Concurring with Justice Bersamin were Chief Justice Renato C.
Corona and Justices Presbitero J. Velasco, Jr., Teresita J. LeonardoDe Castro, Jose Portugal Perez, and Jose Catral Mendoza. Justice
Roberto A. Abad wrote a separate concurring opinion.
Senior Justice Antonio T. Carpio maintained his dissent and was
joined in his opinion by Justices Conchita Carpio Morales, Arturo
D. Brion, Diosdado M. Peralta, Martin S. Villarama, Jr., and Maria
Lourdes P. A. Sereno.
Justices Antonio Eduardo B. Nachura and Mariano C. Del Castillo
did not take part.
Justice Carpio opined that the said Cityhood Laws contravene the
letter and intent of Section 10, Article X of the Constitution. He
stressed that the Constitution expressly requires Congress to
stipulate in the Local Government Code itself all the criteria
necessary for the creation of a city, including the conversion of a
municipality into a city. To avoid discrimination and ensure
uniformity and equality, such criteria cannot be embodied in any
other law except the Local Government Code. In this case, the
Cityhood Laws, which are unmistakably laws other than the Local
Government Code, provide an exemption from the increased
income requirement for the creation of cities under 450 of the
Local Government Code, as amended by RA No. 9009. He said
that This Court has made history with its repeated flip-flopping
in this case.
For his part, Justice Abad opined that there was no flip-flopping
and that such charge was unfair. To flip-flop, he pointed out,
means to vote for one proposition at first (take a stand), shift to
the opposite proposition upon the second vote (flip), and revert
to his first position upon the third (flop). Not one of the 23
Justices flipped-flopped in his vote. He stressed that the Justices
did not decide to change their minds on a mere whim. The two
sides filed motions for reconsideration in the case and the
Justices had no options, considering their divided views, but
perform their duties and vote on the same on the dates the
matters came up for resolution. He stressed that of the 23
Justices who voted in the case at any of its various stages, 20
Justices stood by their original positions and never reconsidered
their views. Only three did so and not on the same occasion,
showing not wholesale change of votes at any time. He noted

that in 2009 alone, seven Justices retired and were replaced by

an equal number. It is such that the resulting change in the
combination of minds produced multiple shifts in the outcomes
of the voting.
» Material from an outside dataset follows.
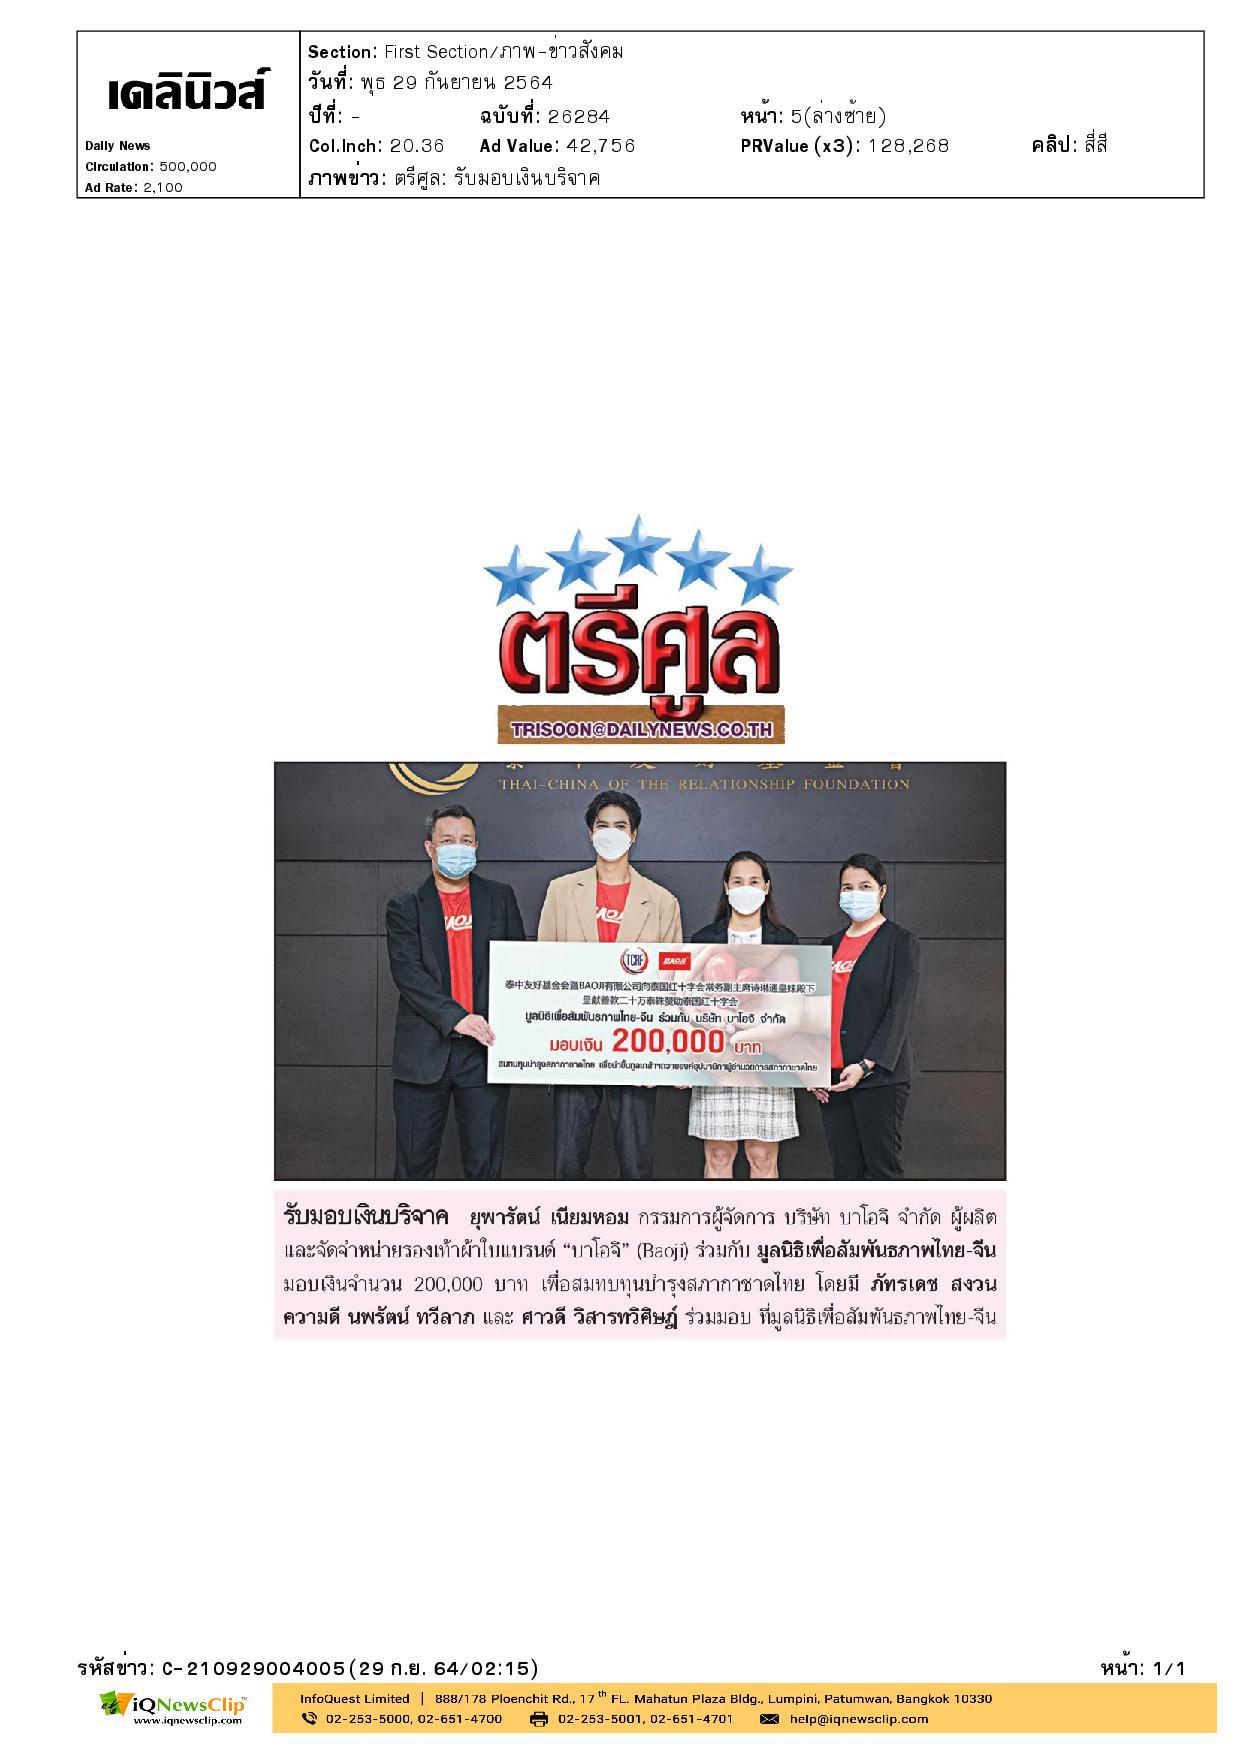 มูลนิธิเพื่อสัมพันธภาพไทย-จีน มอบเงิน เพื่อสมทบทุนบำรุงสภากาชาดไทย

He said that no law or rule requires succeeding
Justices to adopt the views of their predecessors.
He said that the three Justices who changed their votes did not
do so in one direction. Justice Velasco changed his vote from a
vote to annul to a vote to uphold; Justice Villarama from a vote
to uphold to a vote to annul; and Justice Mendoza from a vote to
annul to a vote to uphold. Not one of the three flipped-flopped

since they never changed their votes again afterwards. [N]o

one can dispute the right of a judge, acting on a motion for
reconsideration, to change his mind regarding the case. The
rules are cognizant of the fact that human judges could err and
that it would merely be fair and right for them to correct their
perceived errors upon a motion for reconsideration. The three
Justices who changed their votes had the right to do so, Justice
Abad said. (GR No. 176951, League of City of the Philippines v.
COMELEC; GR No. 177499, League of City of the Philippines v.
COMELEC: GR No. 178056, League of City of the Philippines v.